## EXERCISE GOAL
Could you output exactly the lines running from the one containing "environoego - protect the planet" to the final line of the listing below, leaving out pictures?

## PROVIDED DATA
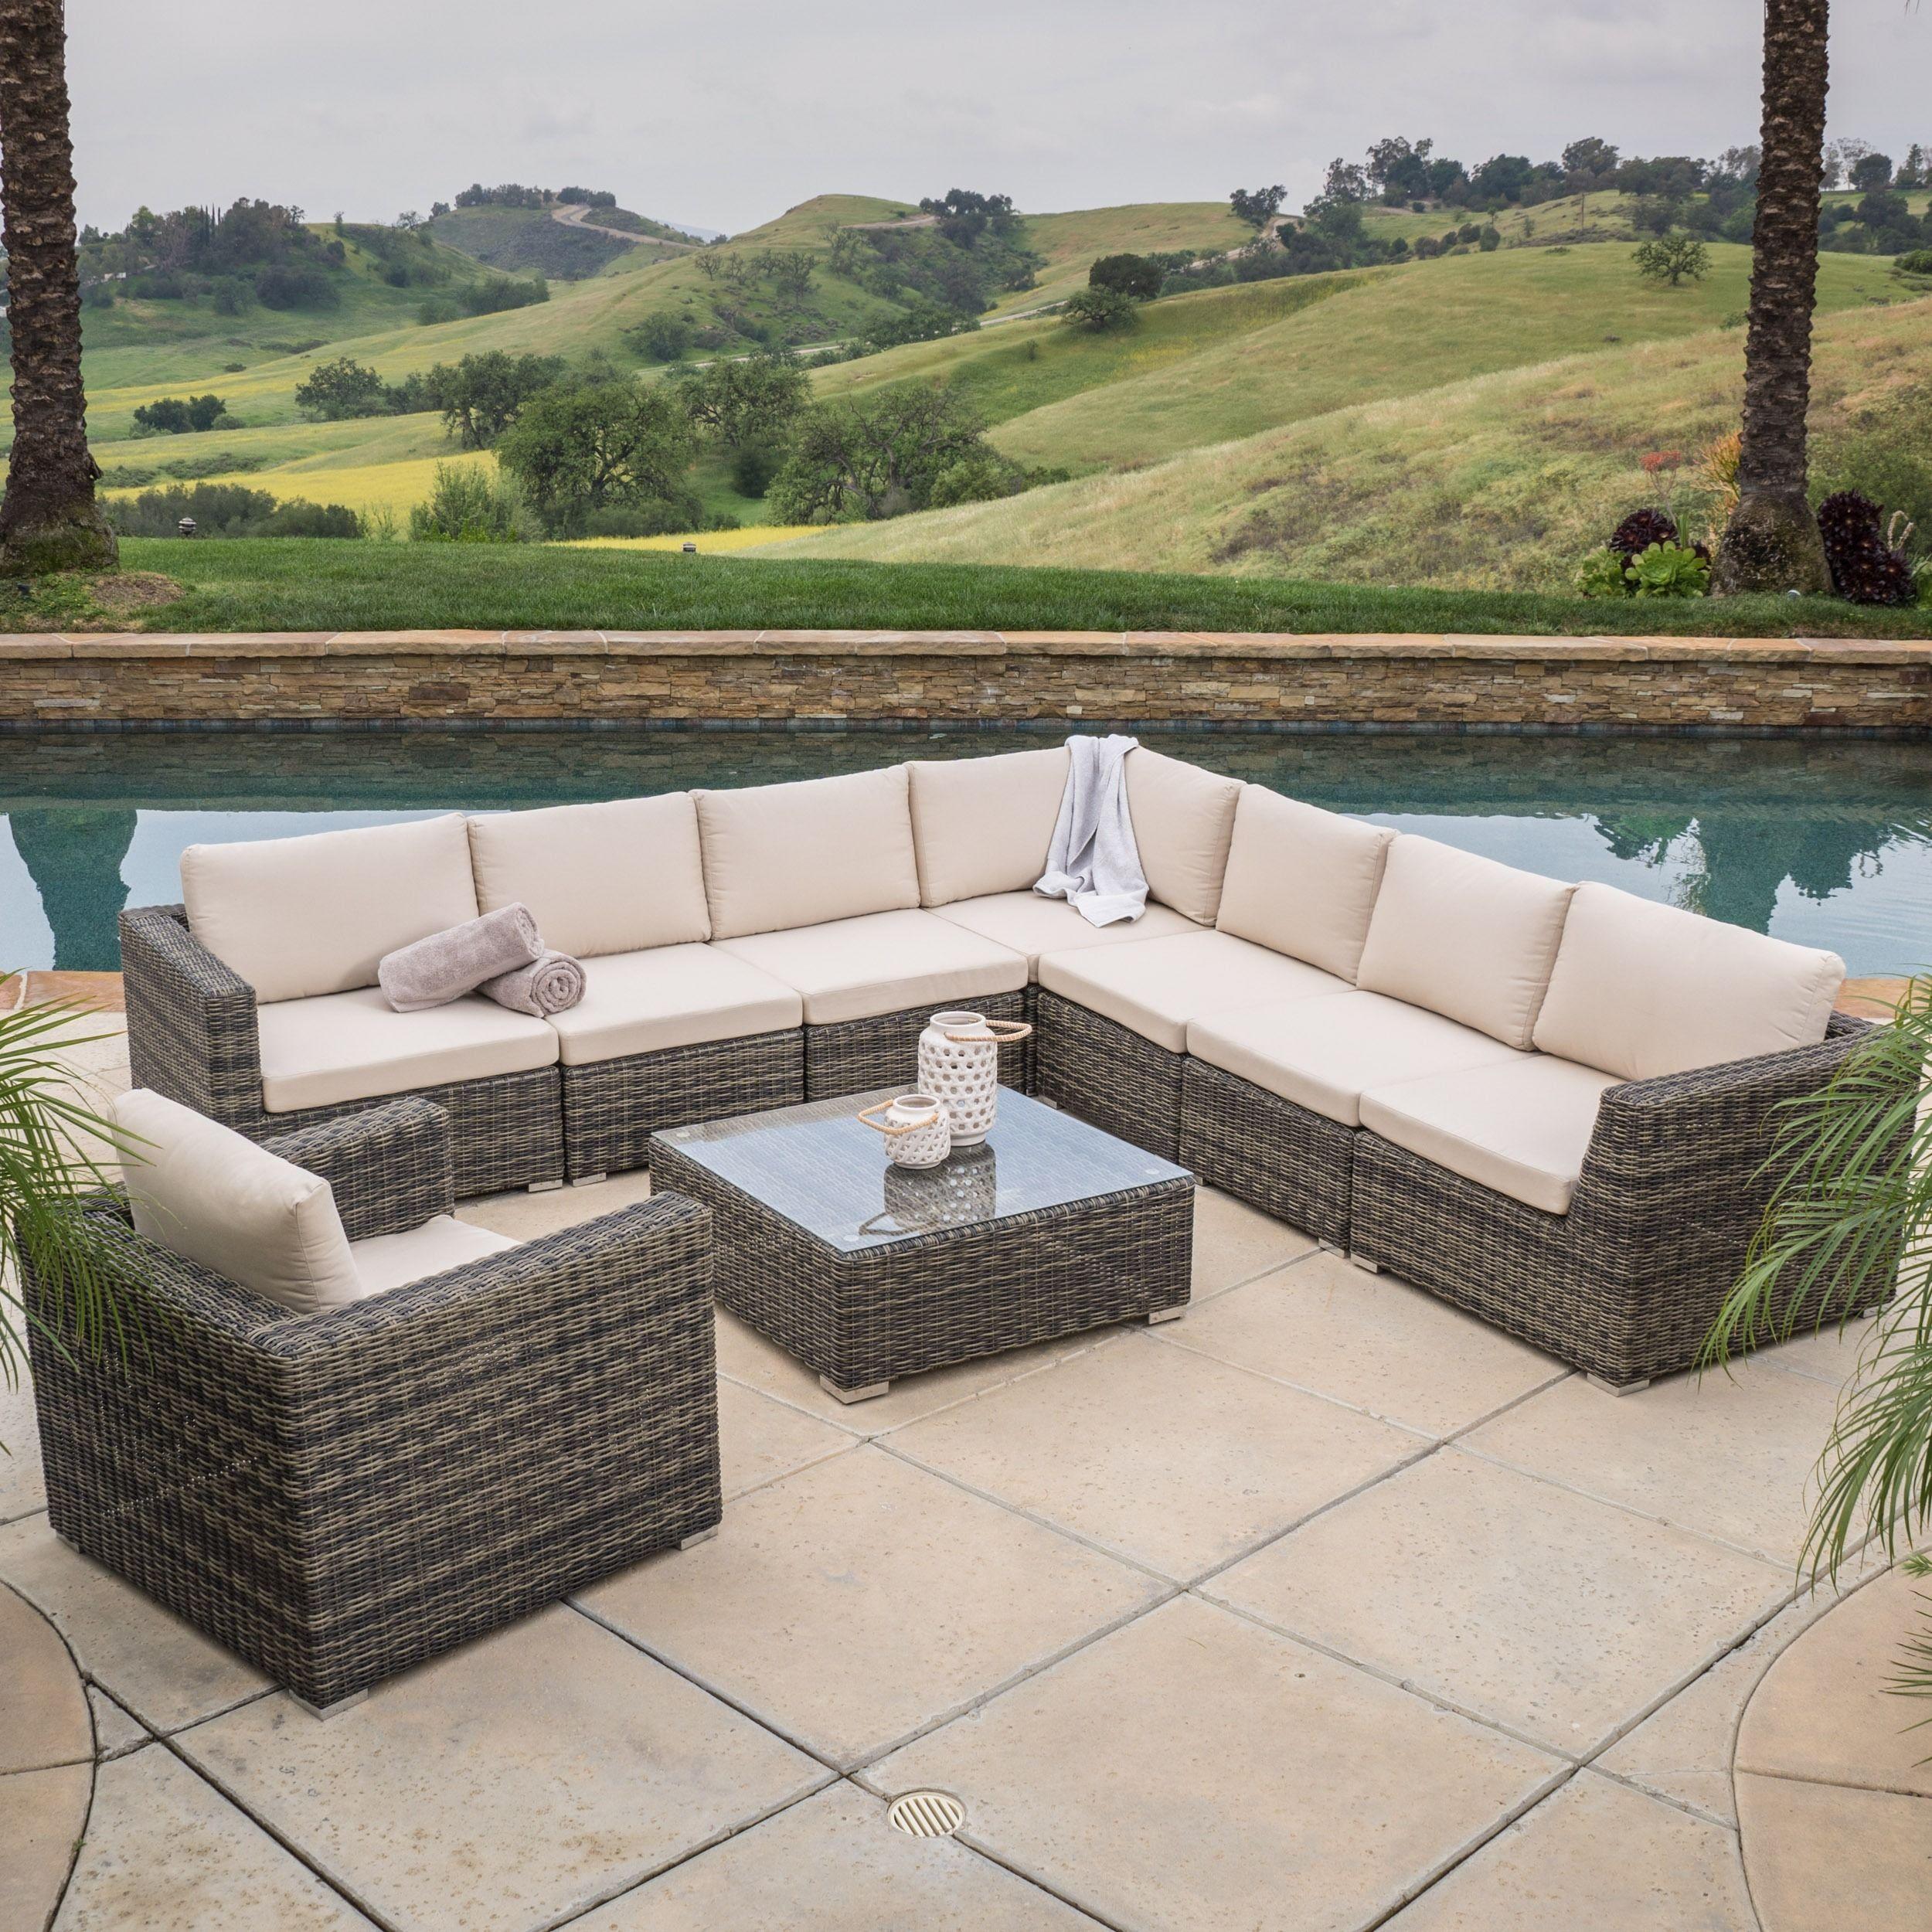 The Santa Rosa 9 Piece Outdoor Sofa Sectional Set Allows You To
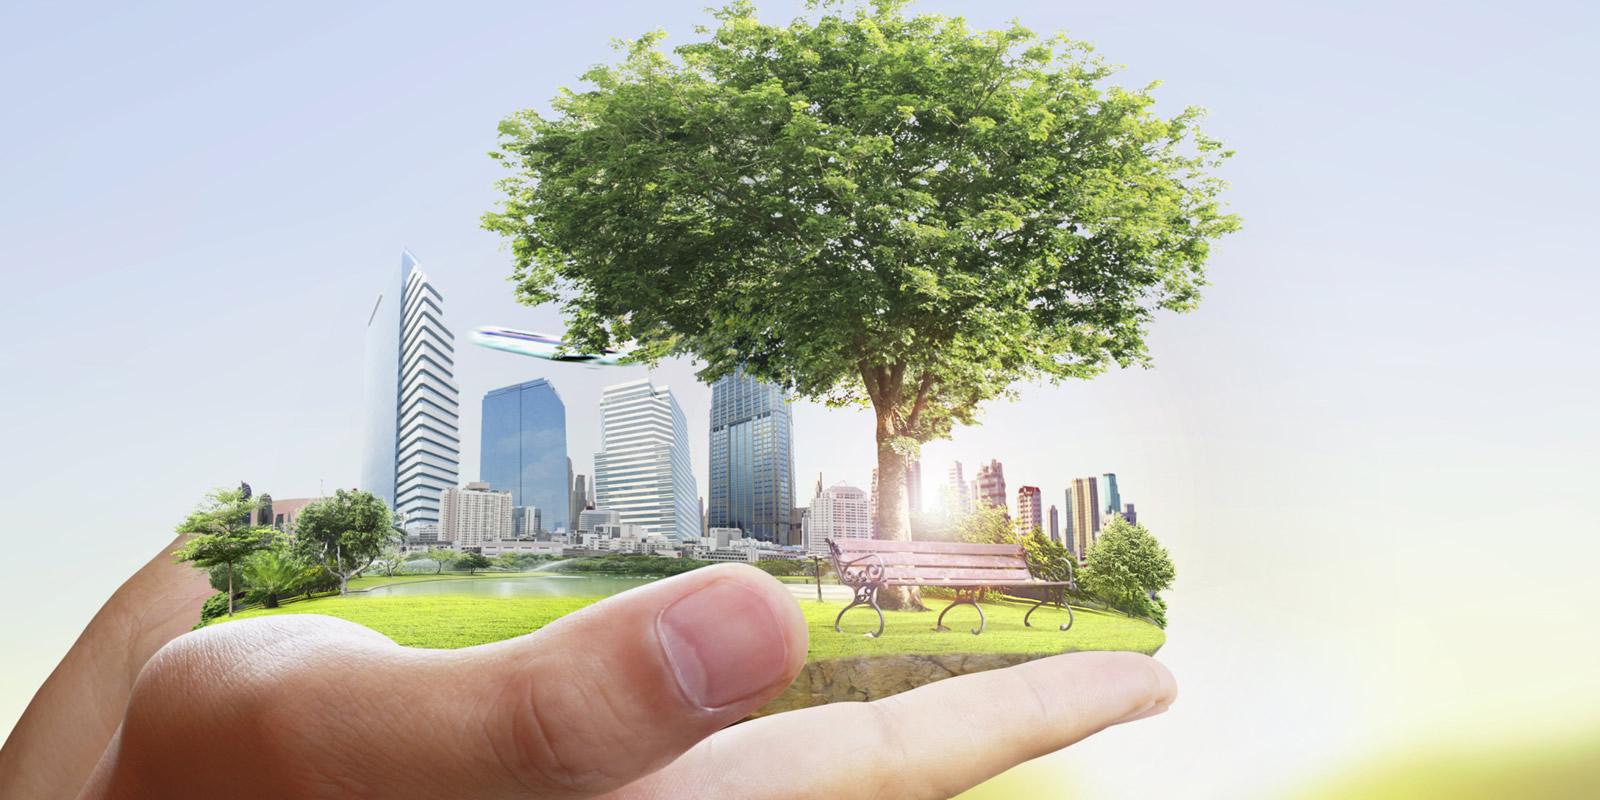 environoego - protect the planet
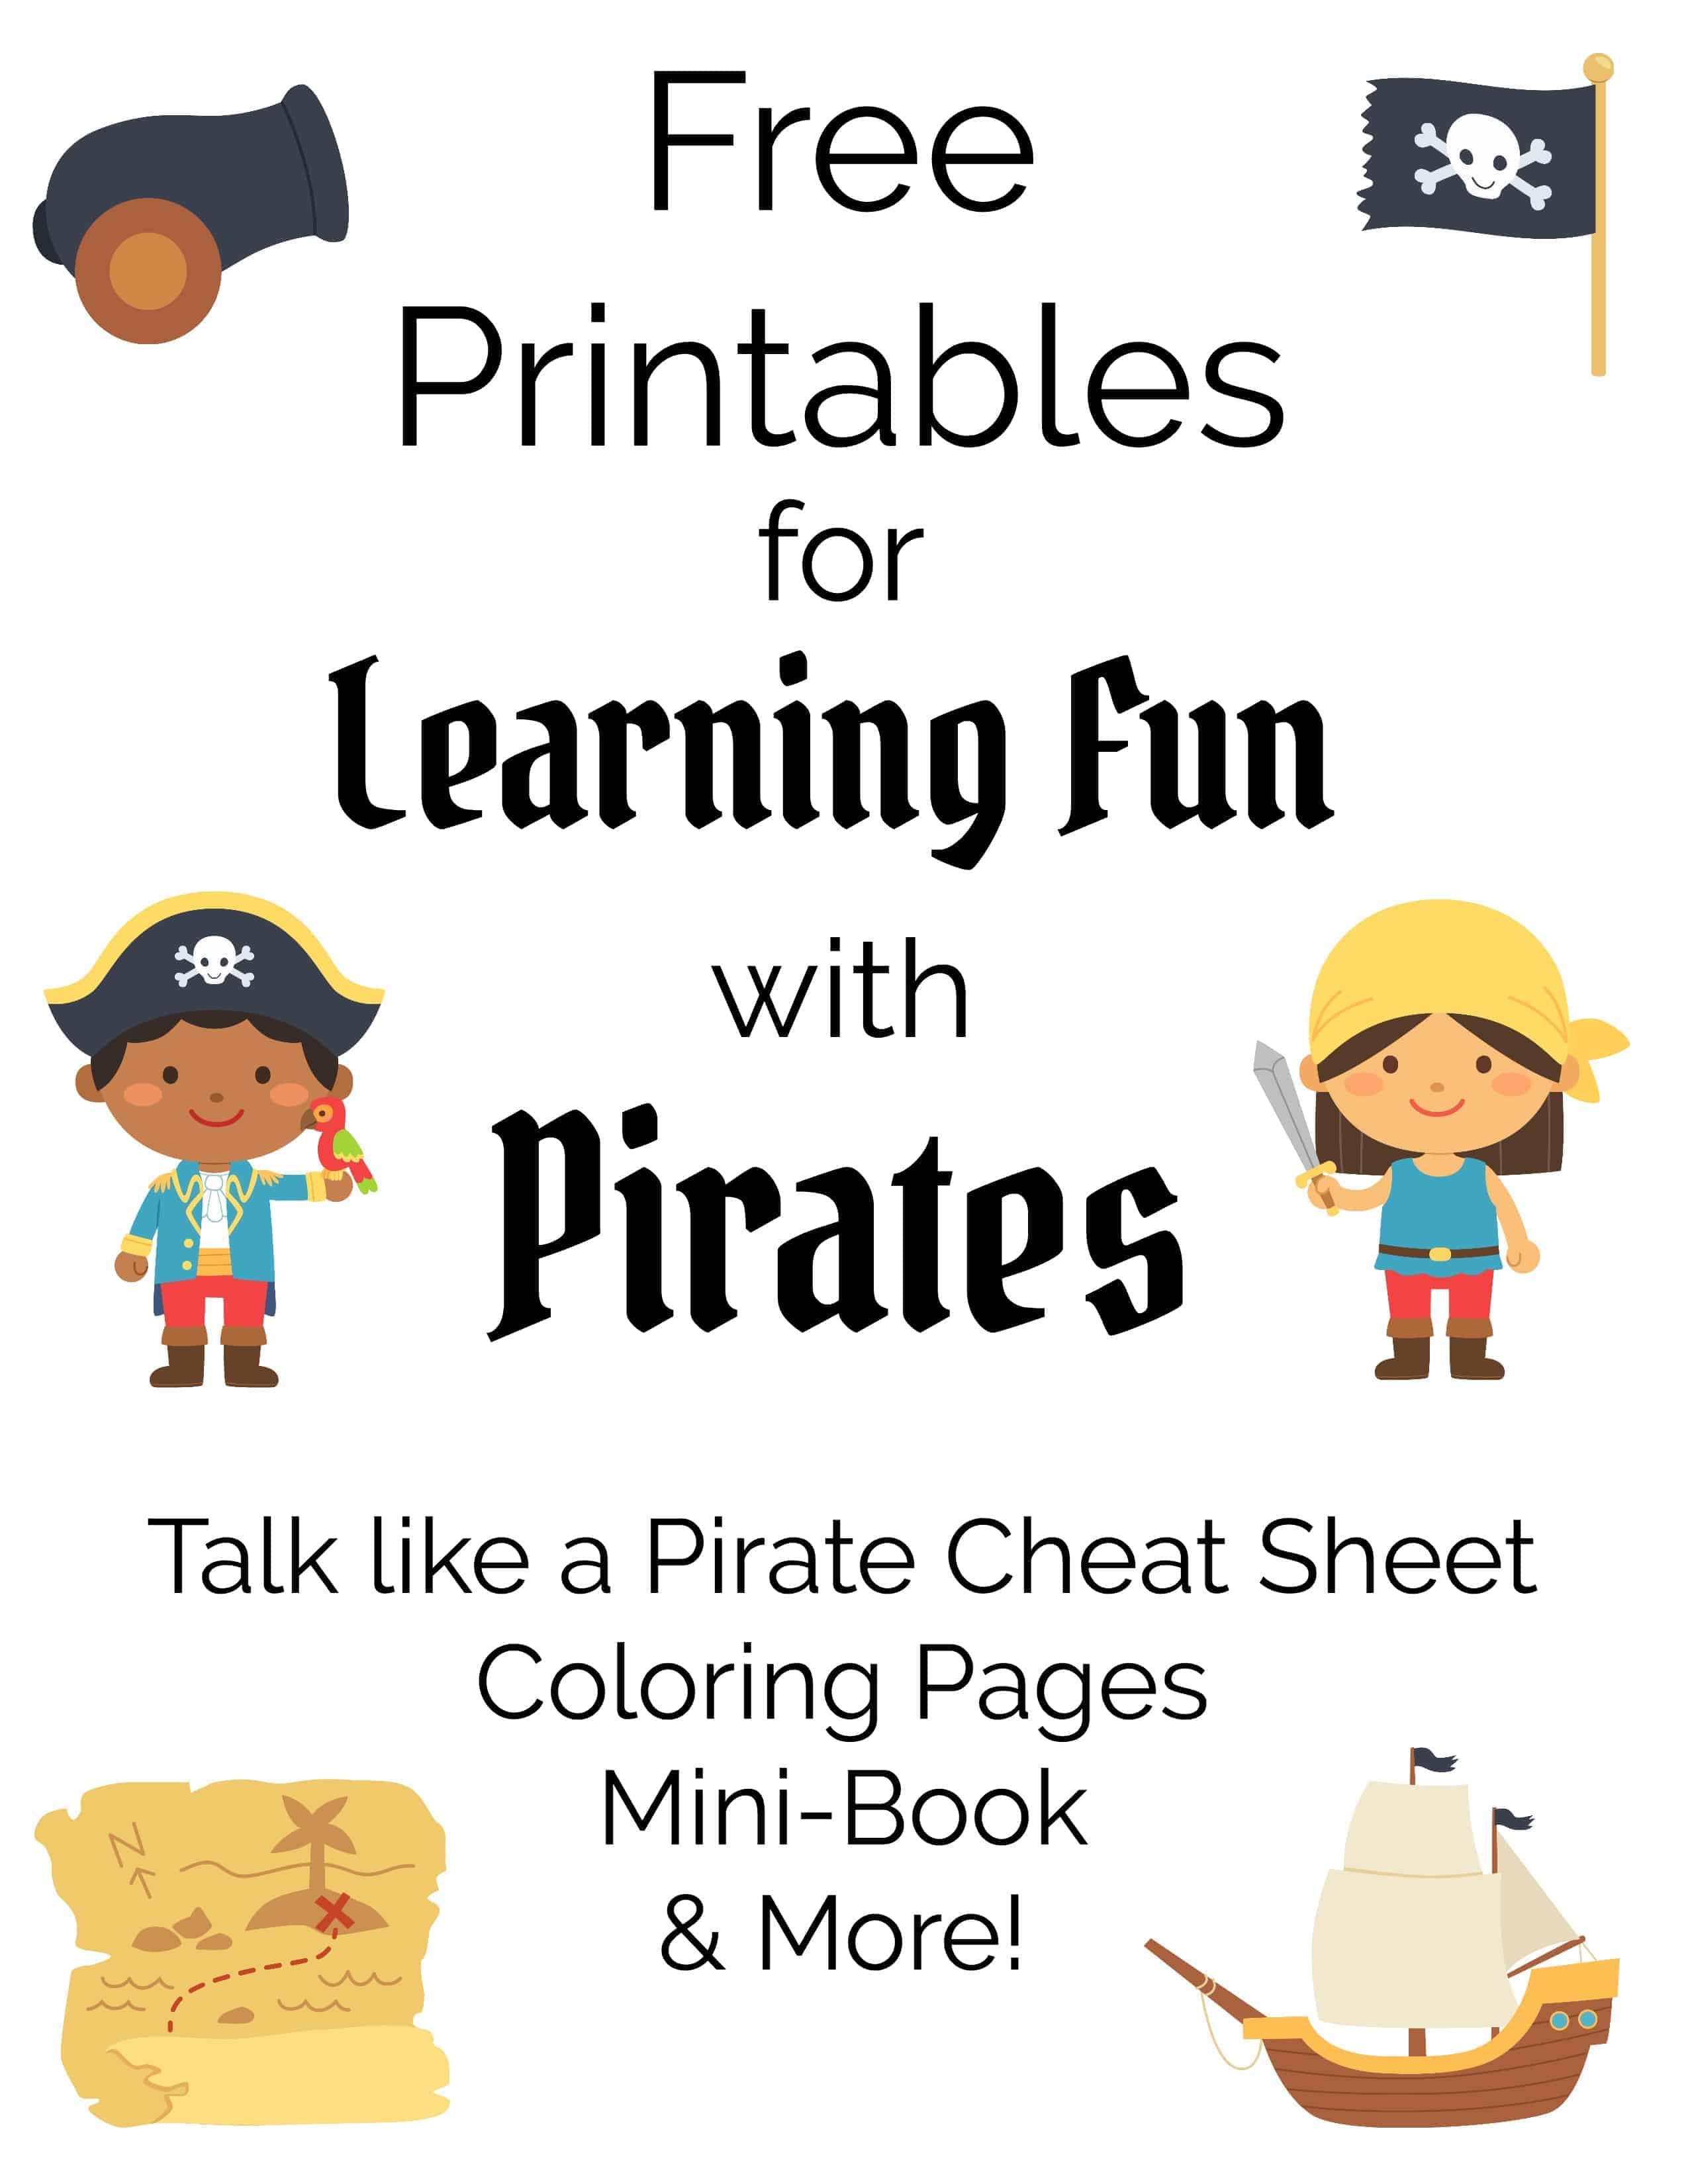 Learning Fun With Pirates

## FINISHED EXERCISE
 environoego - protect the planet
 Learning Fun With Pirates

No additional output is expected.